» **Task prompt**
Please give the data again in full, precisely as it is written.

==== Supplied data

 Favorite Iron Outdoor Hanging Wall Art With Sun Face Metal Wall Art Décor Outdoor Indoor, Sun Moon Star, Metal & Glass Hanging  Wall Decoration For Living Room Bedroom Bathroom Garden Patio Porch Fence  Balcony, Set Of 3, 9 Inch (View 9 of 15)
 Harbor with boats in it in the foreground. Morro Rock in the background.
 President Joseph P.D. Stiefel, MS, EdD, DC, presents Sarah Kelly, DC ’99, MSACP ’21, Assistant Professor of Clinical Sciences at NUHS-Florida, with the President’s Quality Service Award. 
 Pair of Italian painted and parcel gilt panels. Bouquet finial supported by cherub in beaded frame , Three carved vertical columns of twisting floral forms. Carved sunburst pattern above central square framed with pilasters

========

» **Response area**
 Favorite Iron Outdoor Hanging Wall Art With Sun Face Metal Wall Art Décor Outdoor Indoor, Sun Moon Star, Metal & Glass Hanging  Wall Decoration For Living Room Bedroom Bathroom Garden Patio Porch Fence  Balcony, Set Of 3, 9 Inch (View 9 of 15)
 Harbor with boats in it in the foreground. Morro Rock in the background.
 President Joseph P.D. Stiefel, MS, EdD, DC, presents Sarah Kelly, DC ’99, MSACP ’21, Assistant Professor of Clinical Sciences at NUHS-Florida, with the President’s Quality Service Award. 
 Pair of Italian painted and parcel gilt panels. Bouquet finial supported by cherub in beaded frame , Three carved vertical columns of twisting floral forms. Carved sunburst pattern above central square framed with pilasters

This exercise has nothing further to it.